What this task involves:
With any pictures left out, restate word for word the lines in the listing below from the one holding "A kaleidoscope of" through the last.

Data shown:
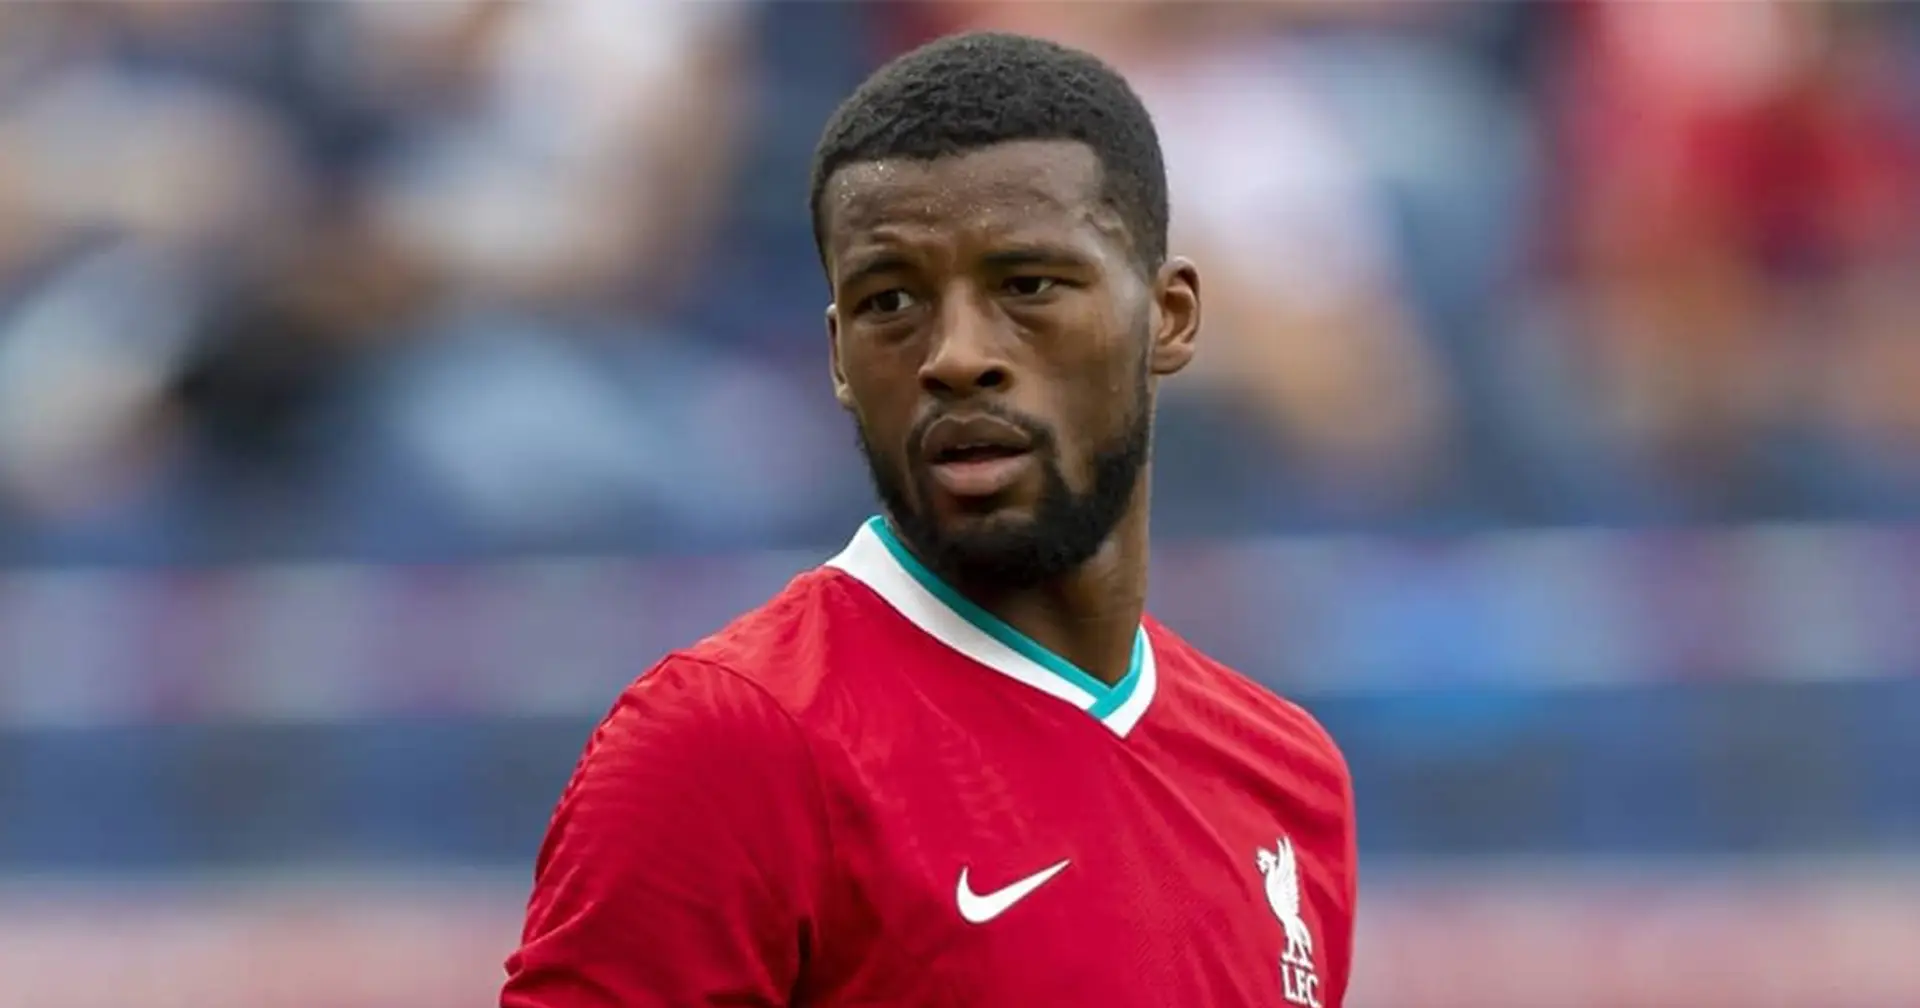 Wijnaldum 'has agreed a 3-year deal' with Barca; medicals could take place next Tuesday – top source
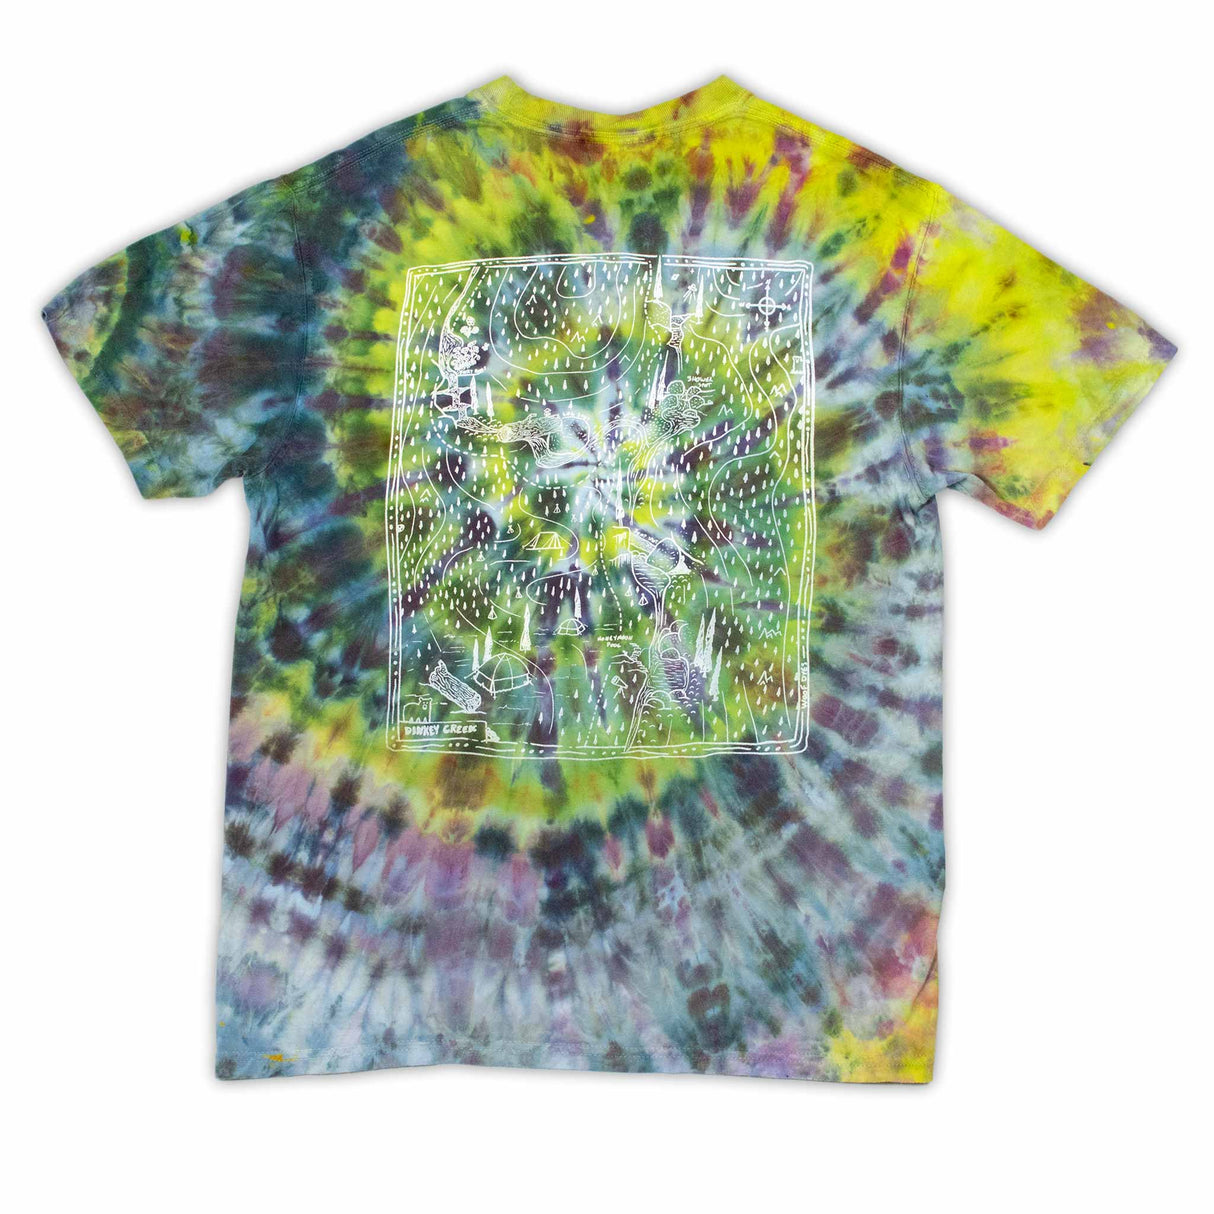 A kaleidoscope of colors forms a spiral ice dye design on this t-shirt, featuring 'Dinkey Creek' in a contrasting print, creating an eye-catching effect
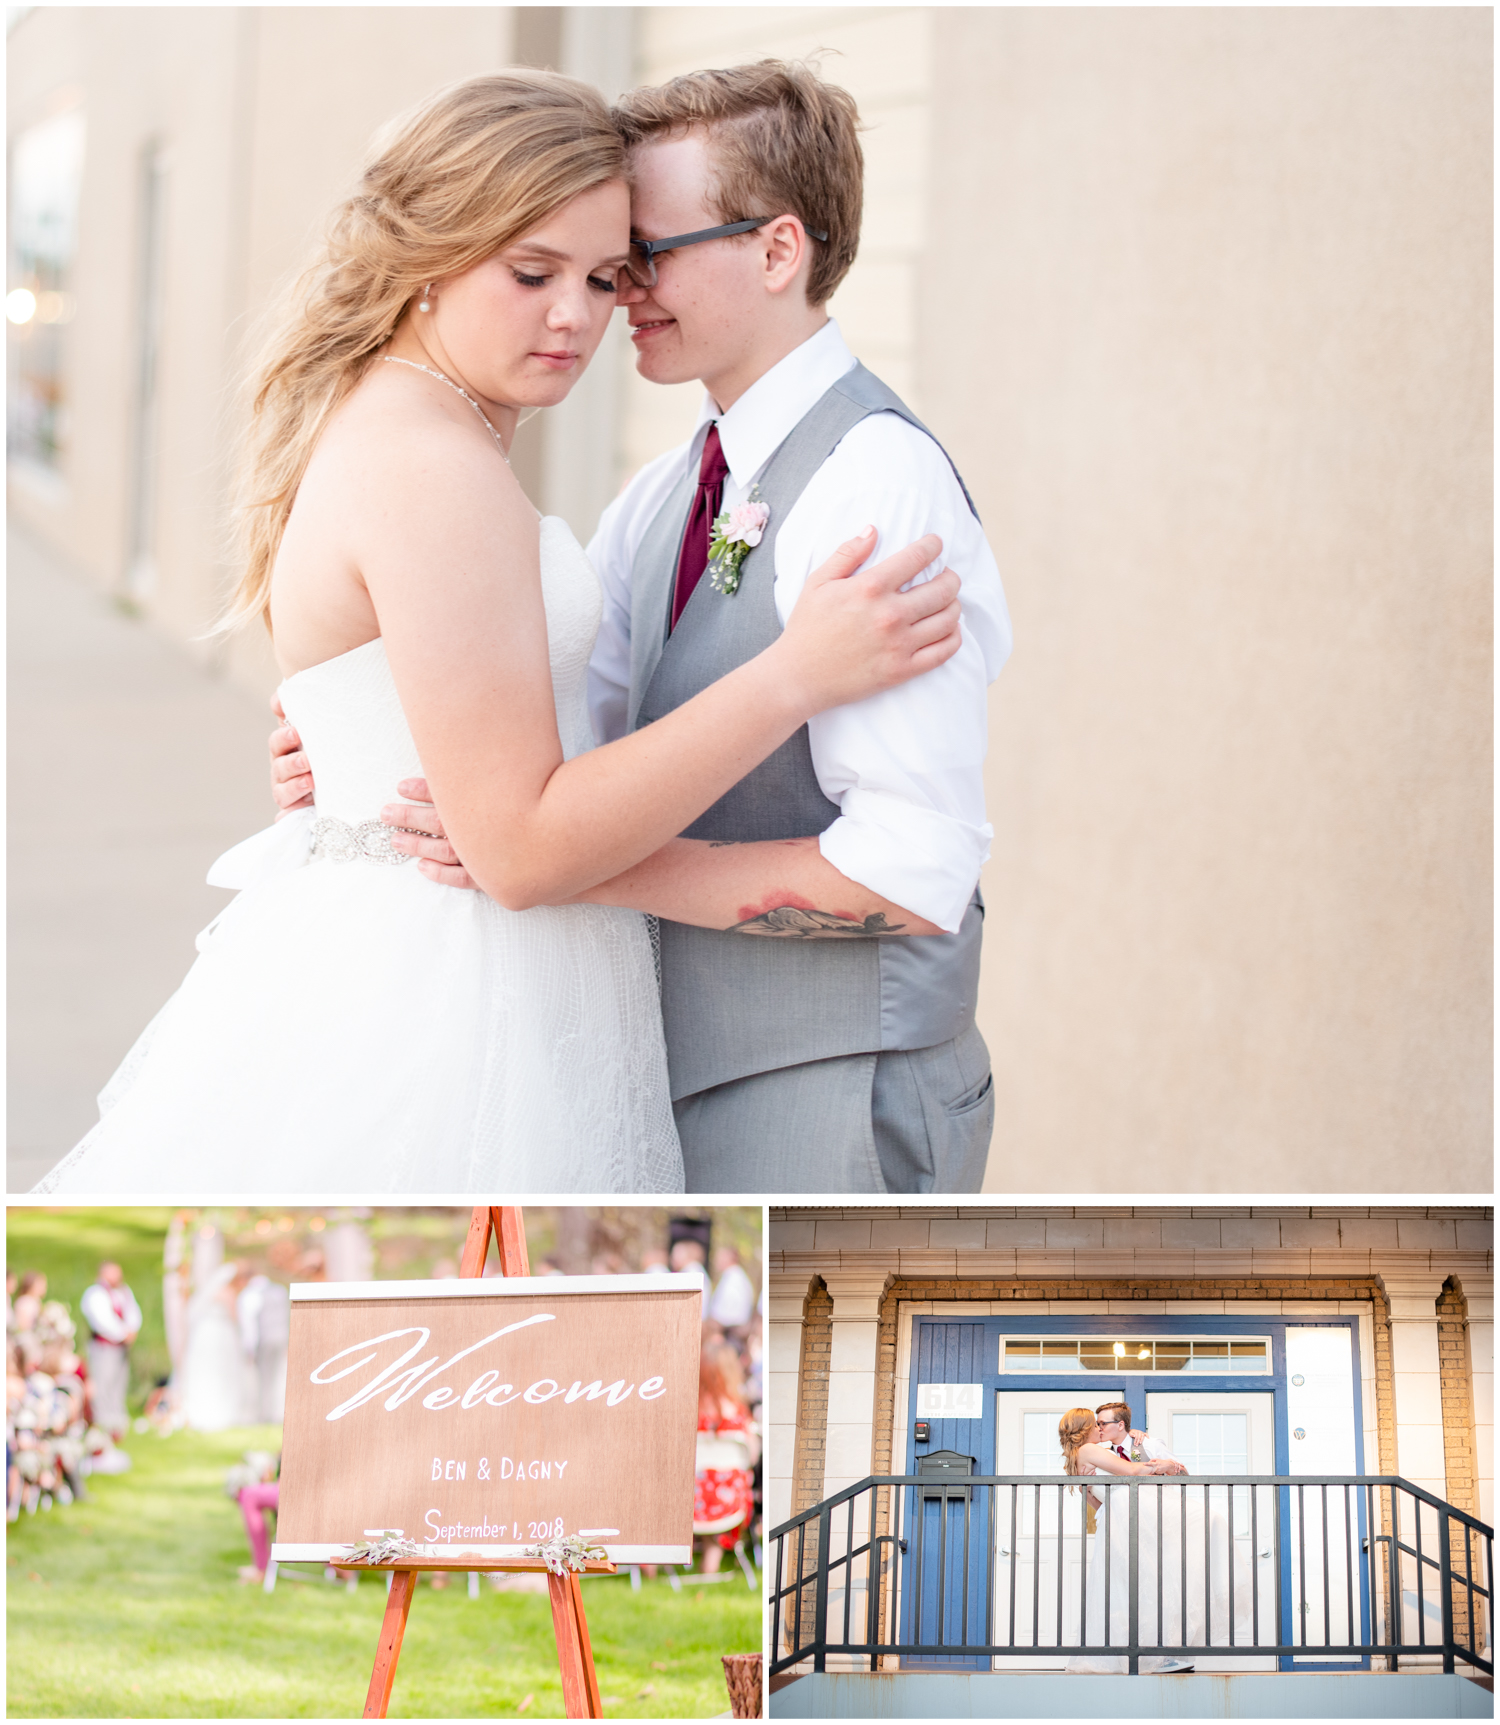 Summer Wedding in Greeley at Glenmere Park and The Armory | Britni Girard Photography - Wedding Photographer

Your response:
 A kaleidoscope of colors forms a spiral ice dye design on this t-shirt, featuring 'Dinkey Creek' in a contrasting print, creating an eye-catching effect
 Summer Wedding in Greeley at Glenmere Park and The Armory | Britni Girard Photography - Wedding Photographer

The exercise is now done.